Down Beat
When bassist and bandleader Ron Carter left the Blue Note stage on a recent night in lower Manhattan, a group of fans trailed behind him as he headed to the upstairs dressing rooms.
A line of autograph seekers with albums, books, programs and other memorabilia already had formed outside the door. Two or three were called in at time to bask in Carter’s presence, and he seemed to enjoy the adulation. Several of his admirers had copies of The Brown Beatnik Tomes (Live At BRIC House), the bassist’s recently released concert album recorded in 2015 with poet Danny Simmons. The disc’s title invokes the Beat Generation, and though Carter, 82, lived during that dynamic period of nonconformists, he said he didn’t participate, referring to it as mainly a movement of white guys.
The album, though, isn’t his first collaboration with someone from outside the jazz world. Carter scored and performed on the soundtrack to O Povo Organizado (The People Organized), a 1976 documentary by Robert Van Lierop about the successful revolutionary struggle in Mozambique.

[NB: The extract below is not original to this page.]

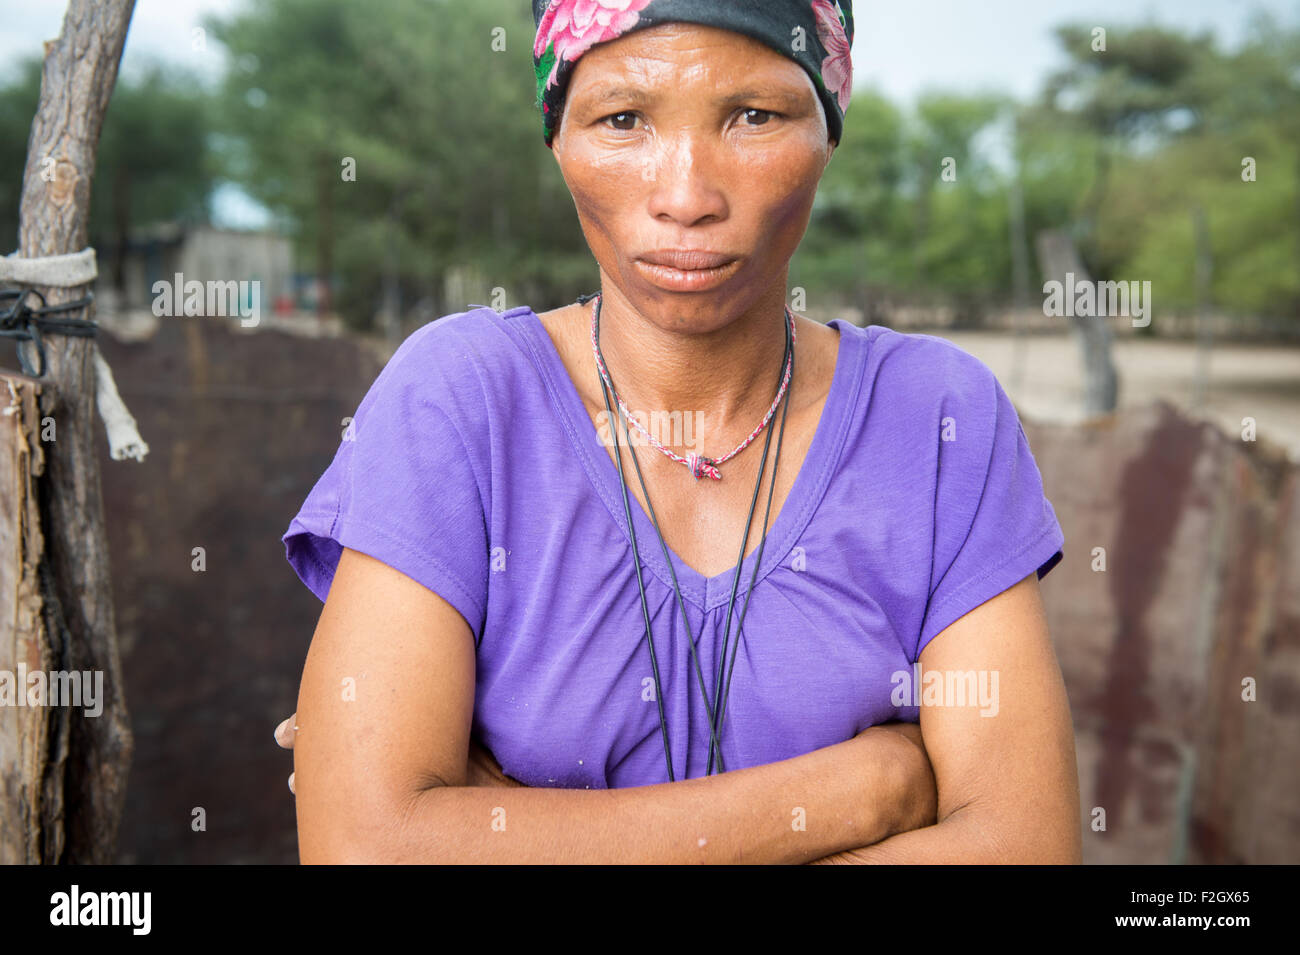 Ghanzi woman with colorful head wrap in Botswana, Africa Stock Photo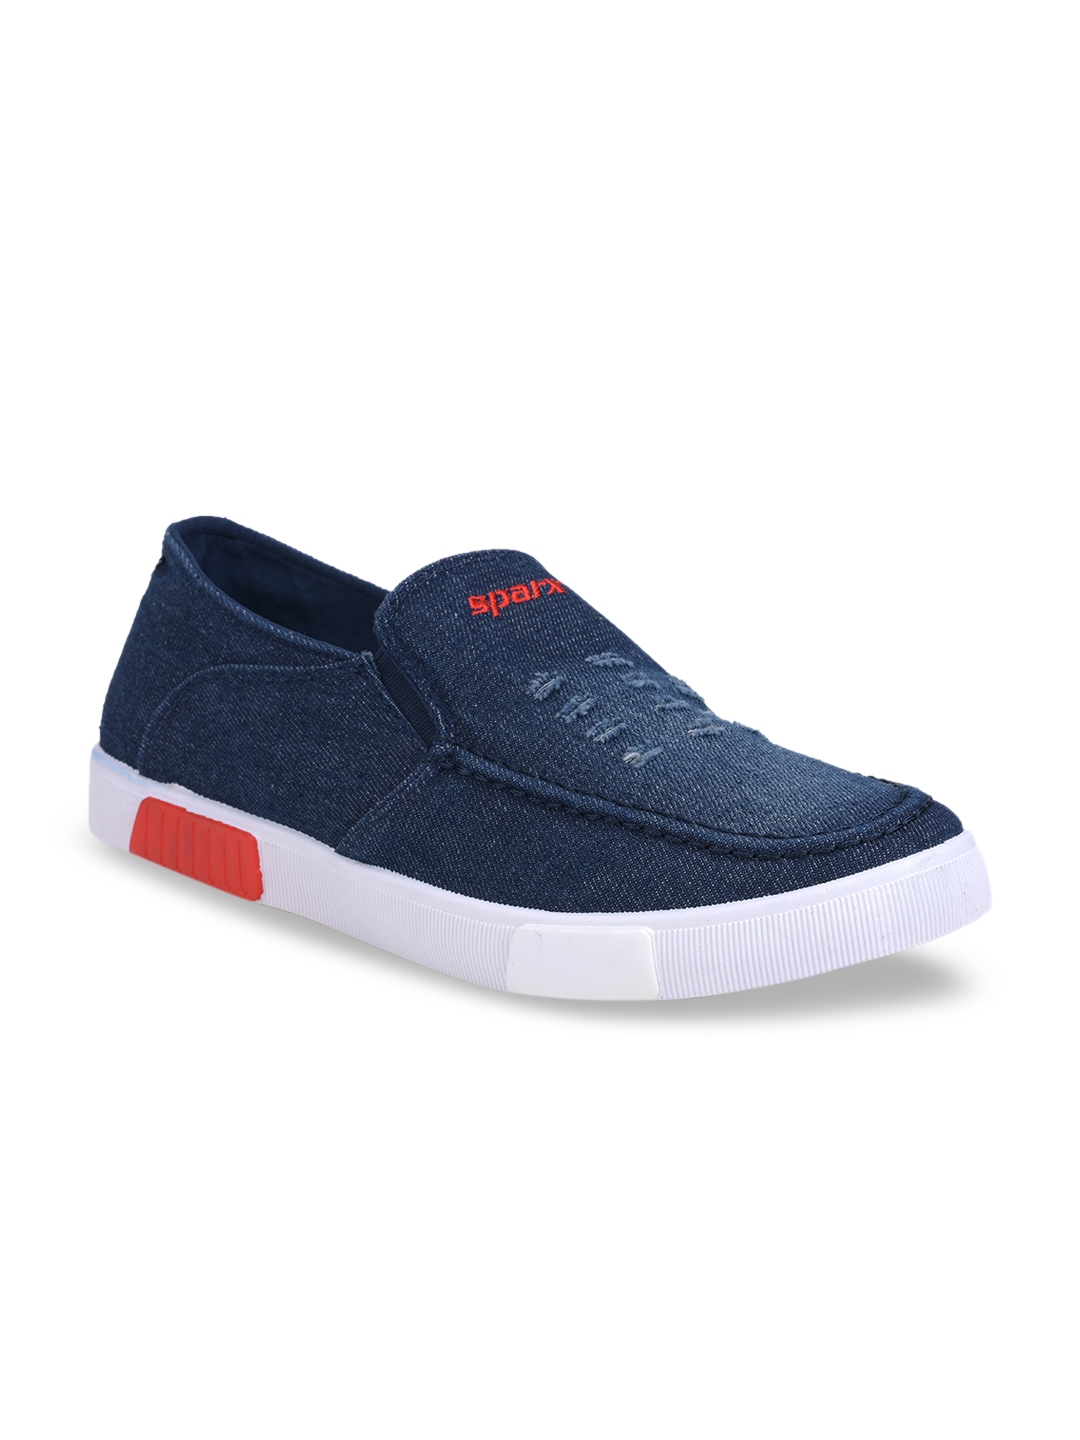 Buy Sparx Men Navy Blue Solid Slip On Sneakers - Casual Shoes for Men ...

The bassist added: “In the past, I had worked with poets, as well as folk singers, such as Leon Bibb. That was also at a time when LeRoi Jones was a popular poet and working with musicians. Danny Simmons came to me and asked if I would commit to [the project]. I didn’t know him, but I knew his brother [Def Jam founder Russell Simmons], and so it was on. I think, overall, we accomplished what we set out to do, and I hope it was a mutually rewarding experience.”